I like to take my pictures outside as well, I copy a link to my pictures. Some were taken outside with overcast sky and the background is a old garden table made from Cypress or Mahogany and has a natural grey tone or inside in a light tent made from an old lamp shade and posterboard as a background:

http://www.penturners.org/forum/photo_album_view.asp?cname=Main+Album&mid=97&cid=103


----------



## Daniel

Outside in full sun. that is how you end up with the washed out over exposed look. How did you come up with the 12:30 to 1:30 time frame? for landscapes early morning or late afternoon light is usually prefered.

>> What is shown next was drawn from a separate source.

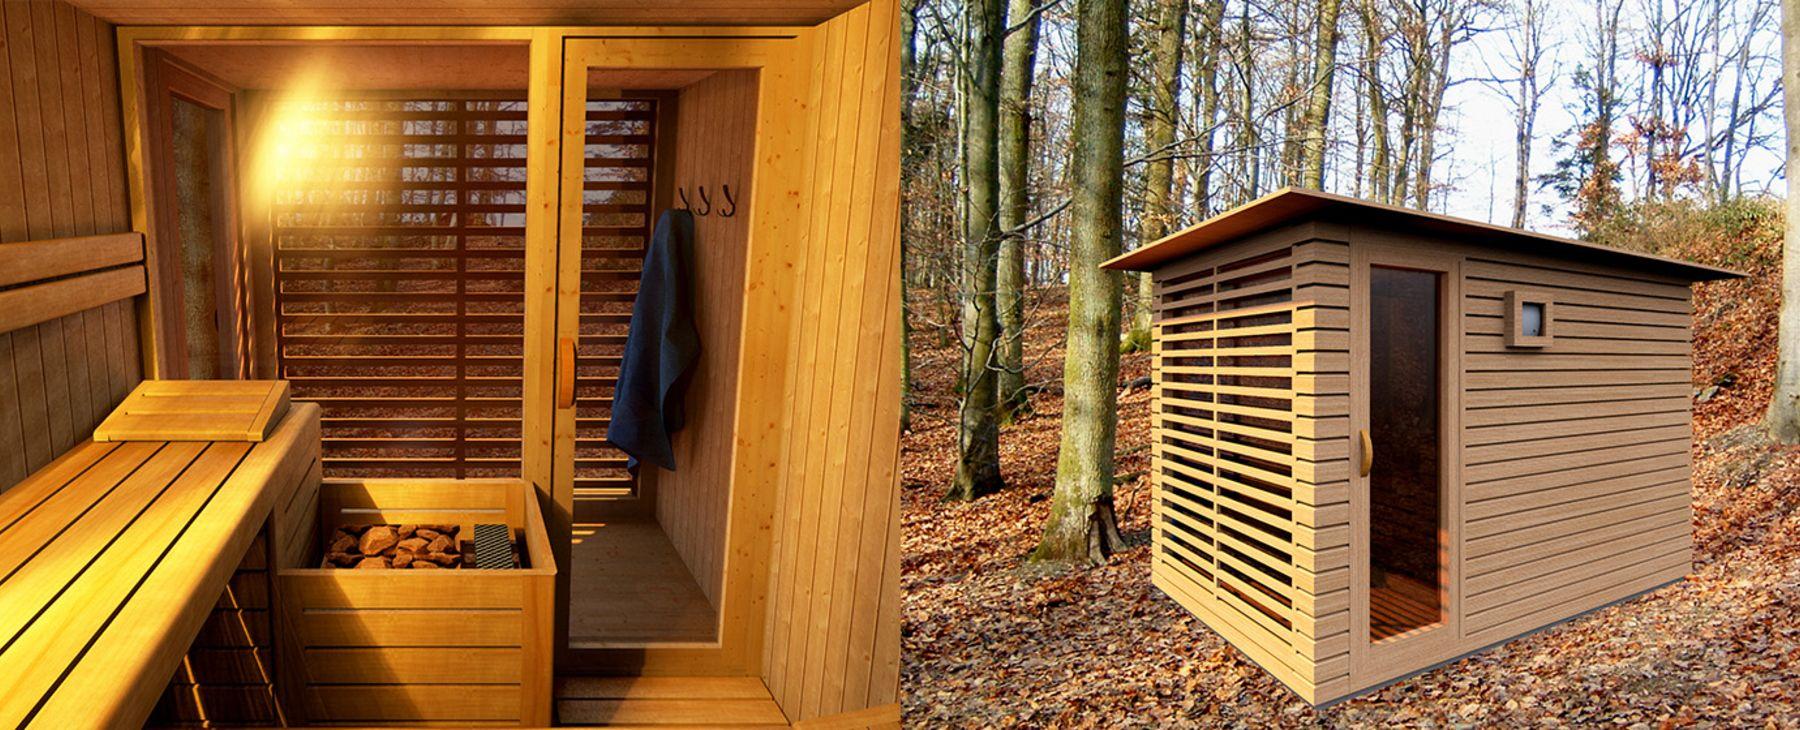 sauna schaller fotorealistische 3 d planung. Black Bedroom Furniture Sets. Home Design Ideas

I like early morning for pens and you still need the light broken up so a cloudy day works real good.
I wouldn't claim that anything you did was wrong though. but there are definite reasons you got the look you did. harsh light gives you the hot spots, strong, flat deminsion and  fadded contrast of this picture. noon day sun is not good for color either. stepping down the exposure would only result in loosing details in the snake skin. 
the picture over all has an eye catching effect though.
If you don't see anything wrong with the picture then there is nothing wrong with it. ever seen a picture of someone with lighting real strong on only one side. it leaves half the face lit and the other half in realy dark shadow. and it's not done by mistake.


----------



## Ron Mc

I came up with 12:30-1:30 because this is when the sun is just about overhead which provides less shadow.
I will be trying an evening shoot to see if the washed out look goes away.


----------



## Rifleman1776

Is this a trick question? [] Actually, both pen and picture look good. The photo could be improved upon using suggestions already posted. Mainly, try to get your background about the same shade (not necessarily same color) as the subject pen. Most of my pictures are taken outside in shade to avoid glare. That is a 90% successful, quick and easy technique. I bought about a dozen felt squares from the crafts department at Wal-Mart in a variety of colors for background. Very cheap, I think 39 cents each. I sometimes use a tripod but my new camera has a stabilization feature and with sufficient light I get sharp pictures. Inside, I always use the tripod.


----------



## Daniel

Ron,
If you are one of those that are cursed with few cloudy days to work with. try getting one of the plastic sheet defusers that go in florecent light fixtures. position it so that the sunlight that falls on the pen passes through it first. I think that will help the washed out look more than anything. early morning and late evening help with color as well. morning light has lots of blue in it, evening lots of red.
place some sort of refective material on tha shadow side of the pen to help bounce some light back at the pen from that side. this helps weaken the shadow. even white paper helps. tin foil is usually to much. you can even add an artificial light from that side and really knock down the shadow. remember you do want some shadow though.
as far as sun. think of a photo as a picture that was painted using light. the source of your light determins what colors you have on your paint pallet. even sun light has different colors at different times of the day. artifical lights of verious types have different colors to them. sunlight has all of them and then some that we can't see and film or cameras are designed with sunlight as the standard light that will be used. they have to have something to center all the settings around so they use sunlight as the standard. that is why it is much easier to get a well exposed picture outdoors. anyway morning light will inhance the blue end of the color spectrum and evening will inhance the red end of the spectrum. try both it will be a learning experience.


----------



## kiddo

May I ask, did you use Microsoft picture manager to edit this? The Edit-Picture--&gt;Color--&gt;Enhance-Color tool? Maybe two passes?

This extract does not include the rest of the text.